A second humanitarian disaster that relief agencies have been warning about for months looks imminent after heavy snow began falling in the northern region of Pakistan still recovering from last October’s devastating earthquake.
On Monday, hundreds of thousands of displaced families living in camps across Pakistani-administered Kashmir (AJK) and North West Frontier Province (NWFP) woke to find that many of their tents had collapsed under the weight of snow, said emergency relief organization Oxfam
“Thousands have already been suffering from freezing temperatures across the region for weeks, with children and the elderly especially prone to cold-related illnesses,” said Oxfam spokesperson Shaheen Chughtai in the Pakistani capital Islamabad.
He said great efforts had been made to supply the affected areas with water and sanitation facilities, blankets and shelter since the disaster. However, the relief effort has been hampered by several issues, including the sheer scale of the disaster, difficult terrain and the slow arrival of promised funds.
“We have been urging the international community for weeks to speed up the delivering of aid and fulfil its pledges of money. A second wave of deaths is now inevitable unless more help and protection is sent immediately.”
Snow started falling on New Years Day and continued through Monday. The Pakistani meteorological department said parts of the earthquake affected region received more than two feet of snow.
Many roads in the mountainous north were blocked by snow and landslides – a constant hazard with frequent tremors continuing to rattle the region. Helicopter flights – vital for supplying assistance to the most remote areas – have been grounded by the bad weather.
Around three million people were affected by the 8th October earthquake, which registered 7.6 on the Richter scale. It is estimated that at least 73,000 people were killed directly and a similar number left injured.
The United Nations’ World Food Programme said recently that more than two million people in the affected region were not receiving adequate supplies of food.
Aid workers have been hampered by the inaccessibility of many of the towns and villages in the region. Additionally, although the UN has attempted to scale up its response, international pledges to its earthquake emergency fund have been slow to arrive. Less than half of the promised money for its “flash appeal” had arrived more than two months after the earthquake.

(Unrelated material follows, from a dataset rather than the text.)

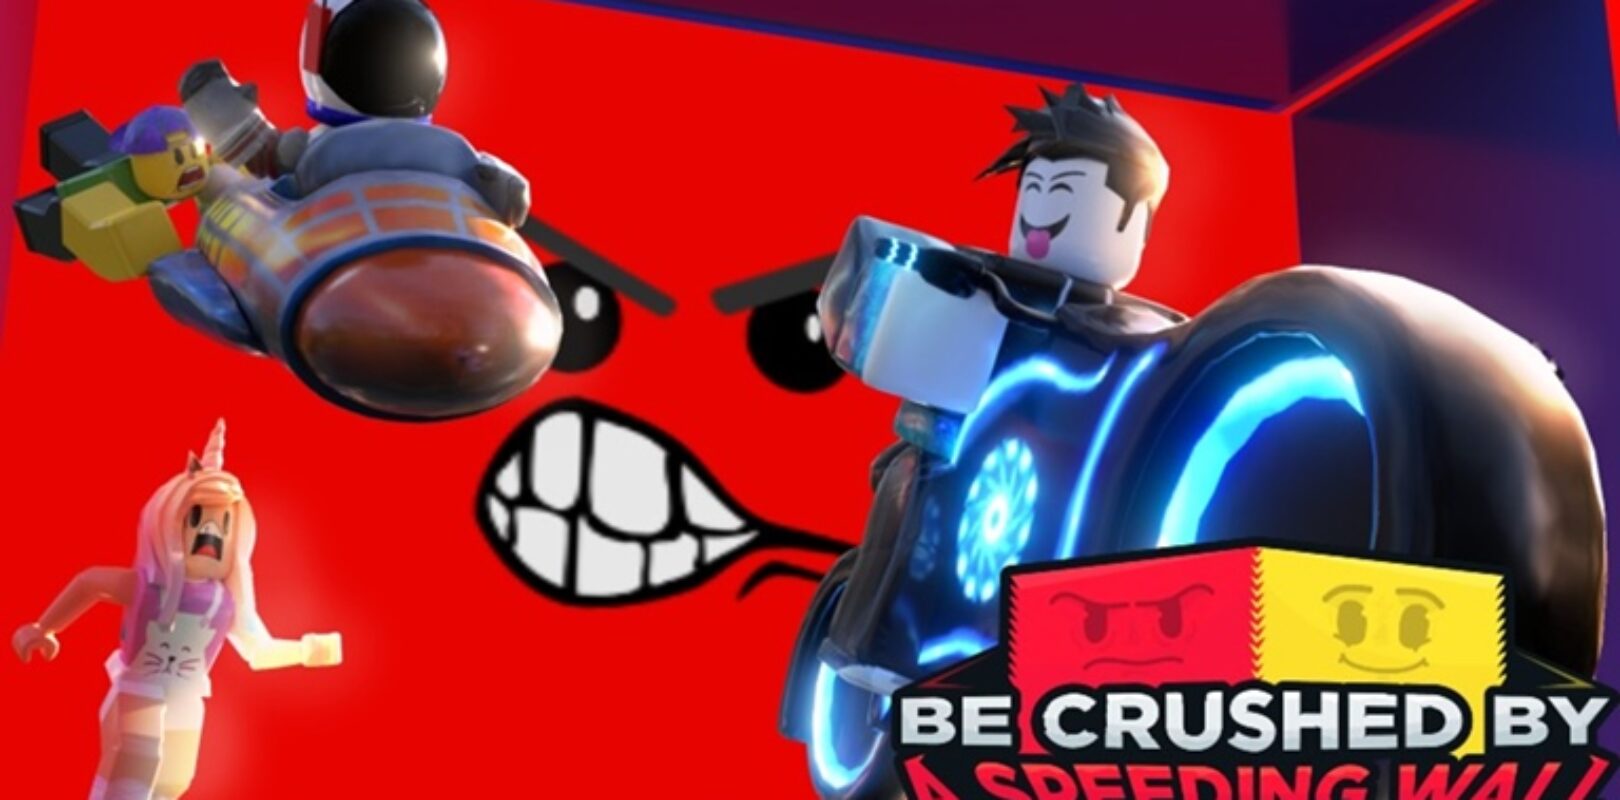 Be Crushed By A Speeding Wall Codes 2020 Pivotal Gamers - roblox get crushed by a speeding wall codes 2020 august

Trying to stay warm amid freezing temperatures has been a serious problem. Most of the tents rushed to the region were unsuitable for harsh winter conditions and there has been a shortage of blankets. However, the crowded spontaneous camps are vulnerable to fires and several deaths have resulted after tents caught fire.
Working in a total of 114 camps, Oxfam has helped more than 285,000 beneficiaries. Specialising in providing water and sanitation facilities, the relief organisation has been winterising existing tents, sending blankets as well as supplying materials such as corrugated iron sheets, ropes, tarpaulin sheets and nails for locals to assemble sturdier structures known as bandis.
“People at the camps tell me they fear for their children,” said Chughtai. “Conditions were already tough even at the best organised camps. As the snow continues to fall, the risk of many more deaths is rising.”